Buffer overflow (?) in esp_modem (IDFGH-14874)
Answers checklist.
- [x] I have read the documentation for esp-protocols components and the issue is not addressed there.
- [x] I have updated my esp-protocols branch (master or release) to the latest version and checked that the issue is present there.
- [x] I have searched the issue tracker for a similar issue and not found a similar issue.
General issue report
I have used esp_modem in several projects and found it to generally work well with various modem modules. I am now bringing up new hardware which consists of an ESP32-P4 and a Quectel FCMA62N dual band Wi-Fi modem (running custom firmware to provide the PPP interface).
This modem functions as expected in all respects except one: when I send it the AT+QGETIP command, the response is truncated.
This is the normal response when using Realterm to send the command:
AT+QGETIP="station"\r\n
AT+QGETIP="station"\r\r\n
+QGETIP: "FE80::7EE7:12FF:FE53:8080","2403:xxxx:xxxx:4:7EE7:12FF:FE53:8080"\r\n\r\n
+QGETIP: "192.168.60.153","192.168.60.1","255.255.255.0","192.168.60.1"\r\n\r\n
OK\r\n
and this is the response when using esp_modem:
D (22890) WIFIDRVR: TxModem(): attempt 3 of 3 sending entry 2: [AT+QGETIP="station"] to modem...
D (22890) uart-tx: 0x4ff3aad8 41 54 2b 51 47 45 54 49 50 3d 22 73 74 61 74 69 |AT+QGETIP="stati|
D (22896) uart-tx: 0x4ff3aae8 6f 6e 22 0d 0a |on"..|
D (22914) uart-rx: 0x4ff3f5b4 41 54 2b 51 47 45 54 49 50 3d 22 73 74 61 74 69 |AT+QGETIP="stati|
D (22914) uart-rx: 0x4ff3f5c4 6f 6e 22 0d |on".|
D (22971) uart-rx: 0x4ff3f5c8 0d 0a 2b 51 47 45 54 49 50 3a 20 22 46 45 38 30 |..+QGETIP: "FE80|
D (22972) uart-rx: 0x4ff3f5d8 3a 3a 37 45 45 37 3a 31 32 46 46 3a 46 45 35 33 |::7EE7:12FF:FE53|
D (22978) uart-rx: 0x4ff3f5e8 3a 38 30 38 30 22 2c 22 32 34 30 33 3a xx xx xx |:8080","2403:xxx|
D (22987) uart-rx: 0x4ff3f5f8 xx 3a xx xx xx xx 3a 34 3a 37 45 45 37 3a 31 32 |x:xxxx:4:7EE7:12|
D (22997) WIFIDRVR: ProcessCommand(): dce-command() returned OK, calling rx handler
W (23003) WIFIDRVR: IPHandler(): no ok
It is not simply a matter of not waiting long enough, the modem has sent the full response at this point.

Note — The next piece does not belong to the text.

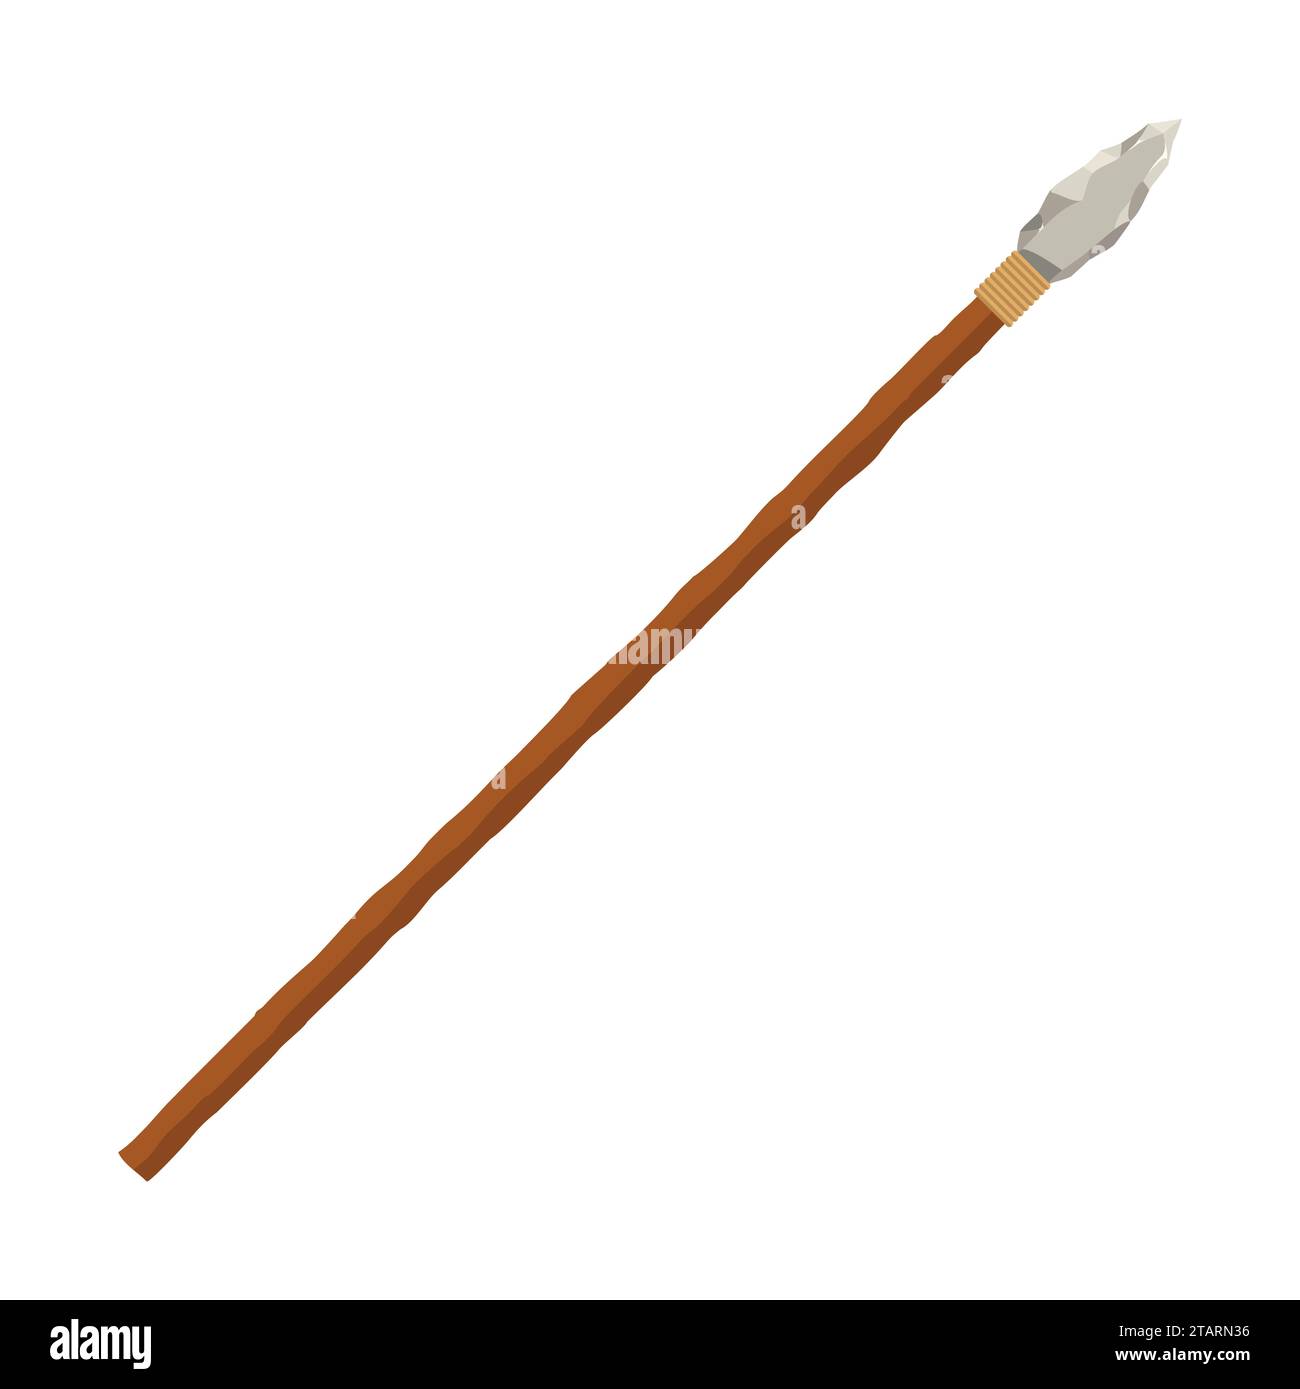 Spear isolated on white background. Hunting and military weapon prehistoric man. Primitive culture tool in flat style. Vector illustration. Stock Vector
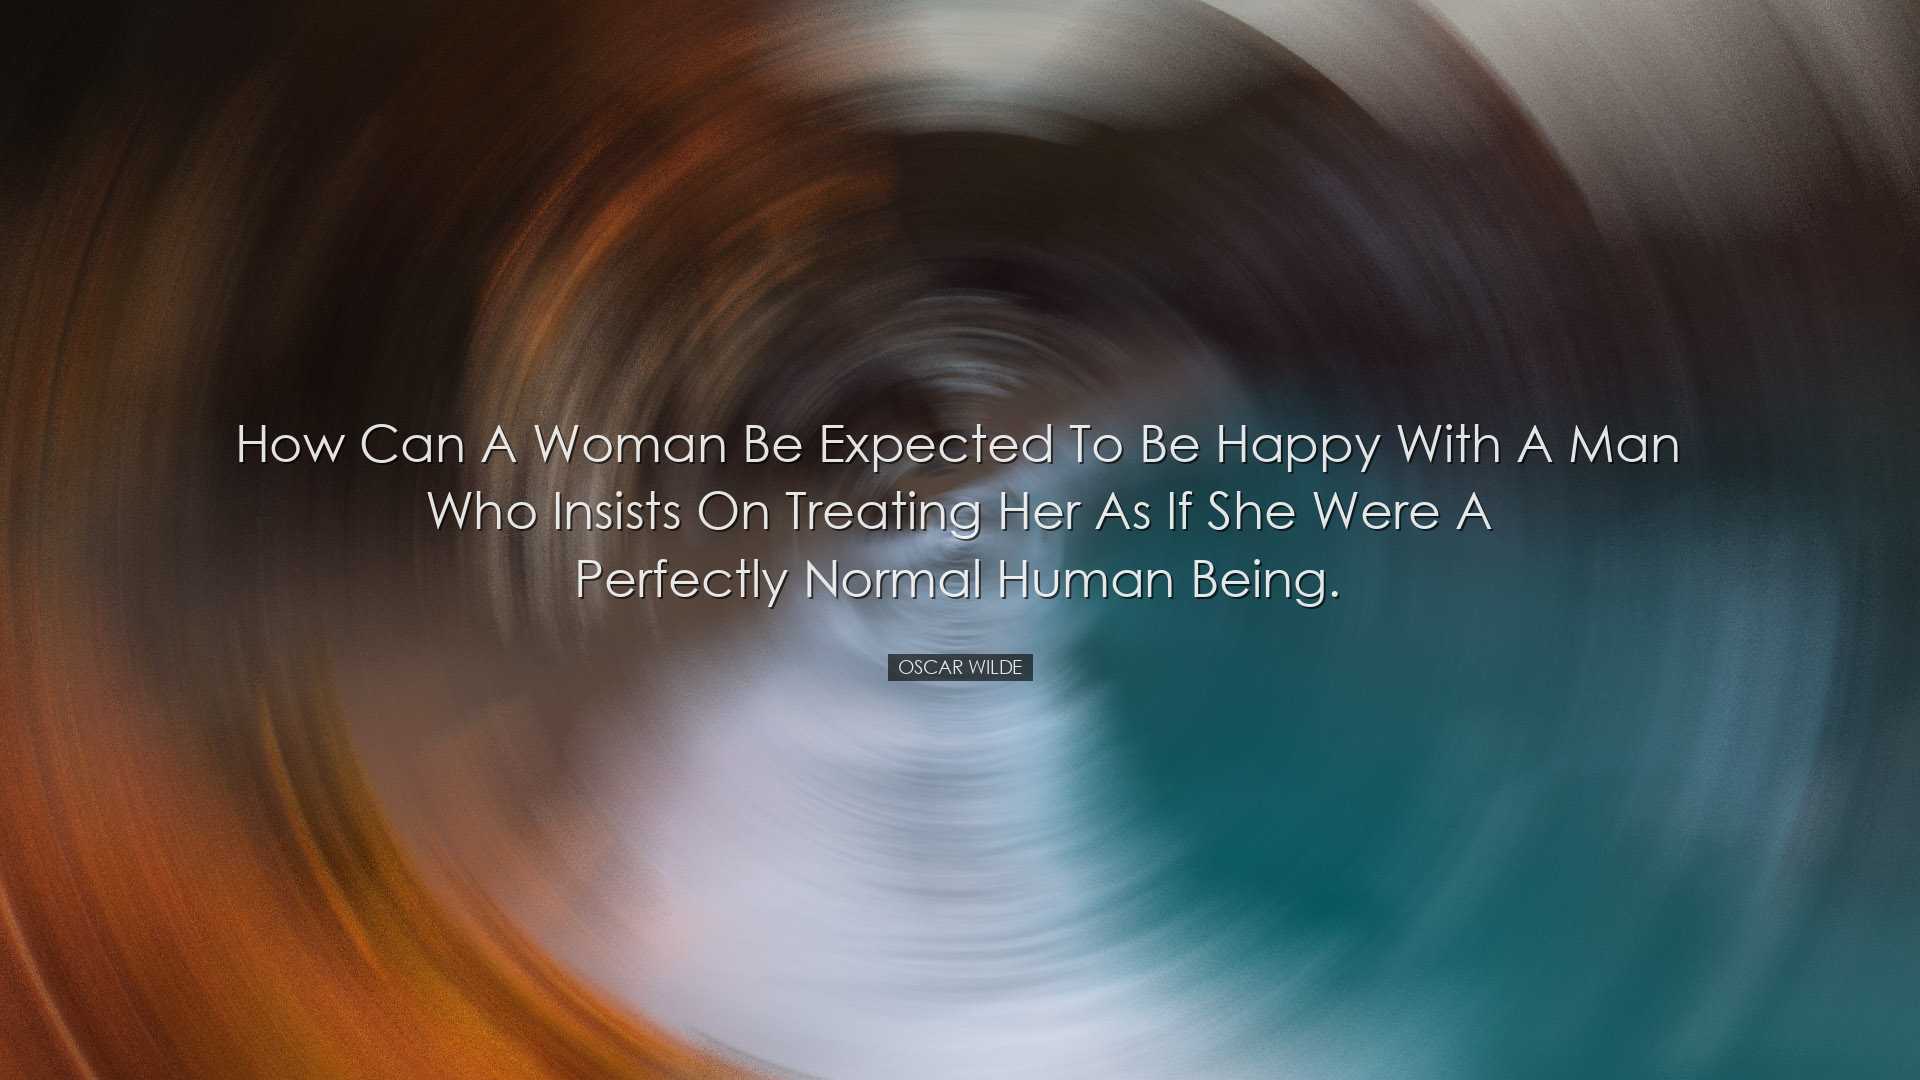 How can a woman be expected to be happy with a man who insists on

There are about 105 (in this case) bytes missing from the end of the returned response, but a maximum length response would be 229 bytes:
AT+QGETIP="station"\r\n
AT+QGETIP="station"\r\r\n
+QGETIP: "FFFF:FFFF:FFFF:FFFF:FFFF:FFFF:FFFF:FFFF","FFFF:FFFF:FFFF:FFFF:FFFF:FFFF:FFFF:FFFF"\r\n\r\n
+QGETIP: "255.255.255.255","255.255.255.255","255.255.255.255","255.255.255.255"\r\n\r\n
OK\r\n
I have tried increasing the DTE buffer sizes:
dte_config.dte_buffer_size
dte_config.uart_config.rx_buffer_size
to no effect.
I have also tried setting the sdkconfig option for the inflatable DCE buffer, and also increased the C-API response buffer size, neither helped.
I believe there is a ring buffer buried in the innards of esp_modem which is filling, causing this issue. I do not see any buffer overflow events, so that's a little odd.
While the AT+QGETIP command is not absolutely essential for our device to achieve its design purpose, it is highly desirable from an operations point of view, as it will allow us to log the global addresses being used by the module.
Can you please either make it possible for me to increase the size of this buffer to 230 bytes, or tell me where the size is set so I can do it, as I have been unable to find it.
Thank you.
Hi @ntremble-sst
I don't think this is an issue with buffer size. It looks more like that the modem receives a chunk of data and assumes that it's the entire response (probably containing the \r\n from the command echo?).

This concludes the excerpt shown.